February 19, 2021

Iowa Supreme Court Weighs Libel Case Involving Board Complaint

Iowa supreme court

Iowa Supreme Court Weighs Libel Case Involving Board Complaint

The Iowa Supreme Court has taken up a case that could determine whether hospitals and individuals can be sued for libel for telling licensing officials about suspected physician misconduct. The case involves Mark Andrew, a physician fired in part for overprescribing opiates, according to the Iowa Capital Dispatch. The hospital separately filed a complaint with the Iowa Board of Medicine, for which Andrew has filed a libel suit. The hospital contends that such complaints are constitutionally protected opinions. A district court judge determined in 2019 that the case should be heard by a jury, a decision the hospital has appealed. The Iowa Supreme Court has yet to schedule oral arguments.

Ind. Lawmakers May Ease Weapons-Carry Rules

An Indiana legislative committee has approved a bill that would eliminate licensure requirements for people who’d like to carry weapons in public, either openly or concealed. According to The Northwest Indiana Times The bill would allow people 18 or over to carry weapons unless they belong to prohibited groups, including convicted felons, fugitives and those suffering from some mental illnesses. Opponents of the bill, which still must clear the Legislature, point to the fact that Indiana doesn’t yet have a database capable of screening out people not eligible to carry weapons.

Mo. Lawmaker with Unusual License Charged with Fraud

A Missouri lawmaker licensed to practice medicine without completing a medical residency was indicted Feb. 1 for selling a fraudulent treatment to patients at her clinic. Patricia Derges graduated from the Caribbean Medical University in Curacao in 2014, according to the Kansas City Star, but did not secure a spot in a residency program – required to become a licensed doctor. In 2017, she became licensed as an assistant physician, an unusual designation that allows medical school graduates to treat patients without completing a residency. Only a handful of states have adopted this form of licensure. Derges subsequently ran for public office. And weeks after being joining the Missouri House, the Republican was indicted in federal court for pocketing nearly $200,000 from patients for a supposed stem cell treatment that was, in fact, merely amniotic fluid.

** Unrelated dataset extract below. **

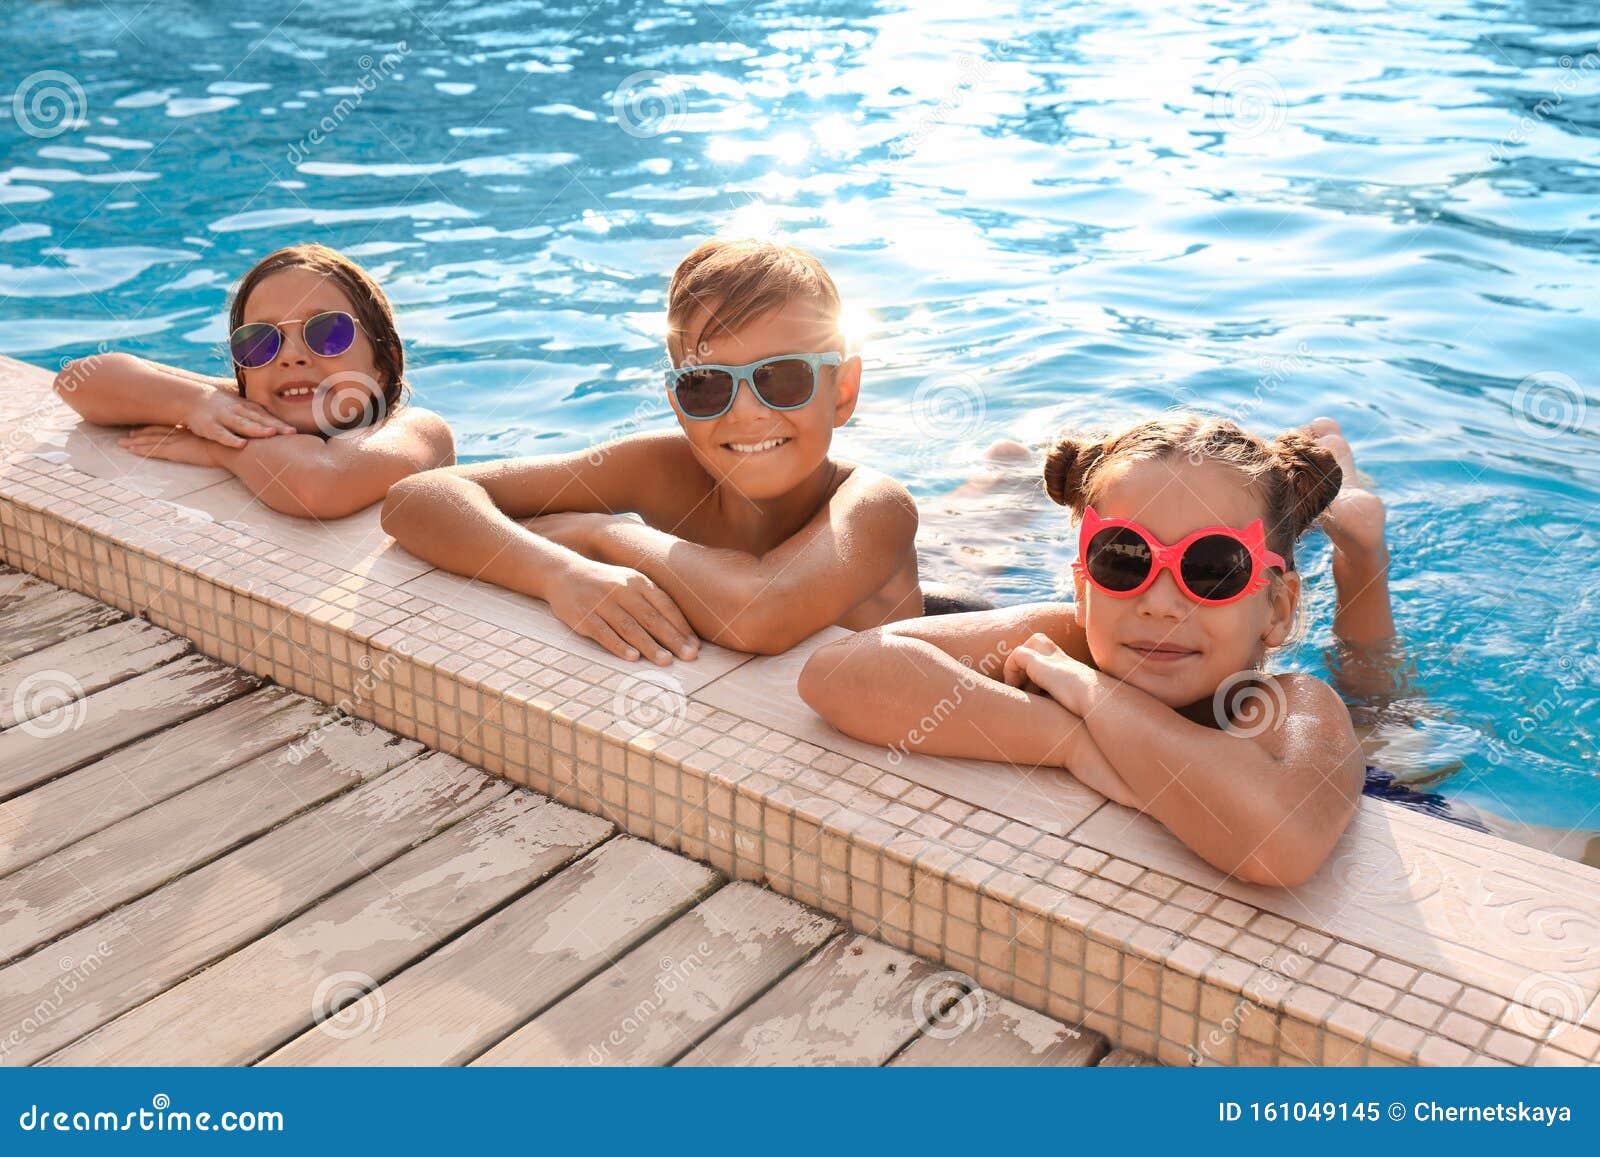 Niños Felices Con Gafas De Sol En La Piscina Imagen de archivo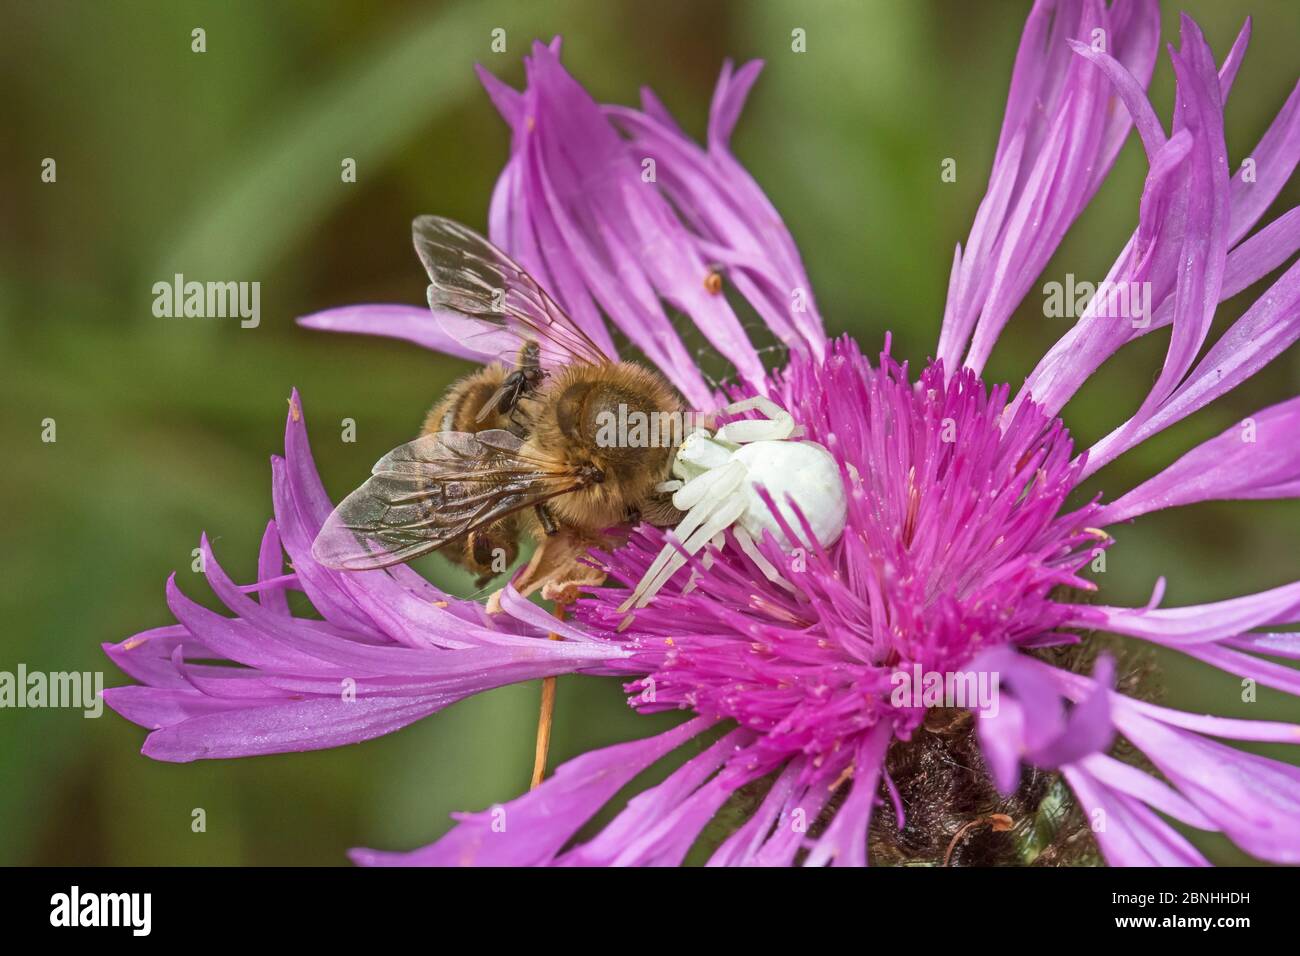 Krabbenspinne (Misumena vatia), die sich von toten Bienen ernährt Brockley, Lewisham, London, Großbritannien. Juli. Stockfoto

Court Upholds Missouri Liquor Licensure Laws

A federal appellate panel has rejected a Florida wine distributor’s challenge to a Missouri law tying liquor licensure to state residency. According to the Courthouse News Service, Florida-based Sarasota Wine Market objected to a Missouri law requiring those holding liquor licenses to be qualified voters and taxpaying citizens of the state. The distributor argued that the law violates the U.S. Constitution’s commerce clause by protecting in-state businesses to the detriment of others. But the three-judge panel of the Eighth Circuit ruled Feb. 16 that it does not.

Utah Lawmakers Ease Hair Stylist Requirements

Utah’s Legislature has approved a bill that would create licensing exemptions for stylists who dry, arrange and shampoo hair. According to the Daily Herald, the bill would not apply to cosmetologists who cut hair. Exempted stylists, meanwhile, would have to obtain a hair safety permit by taking a two-hour class. Supporters of the bill argue that Utah’s licensing requirements are overly burdensome for people who dry and wash hair.

Boston Barber Seriously Injured by Fall on Scissors

A Boston area barber was seriously injured Feb. 12 when he fell on a pair of scissors he was holding and stabbed himself in the chest. According to boston25news.com, Boston Barber Co. owner Rob Dello Russo required heart surgery following the accident, but is expected to cover.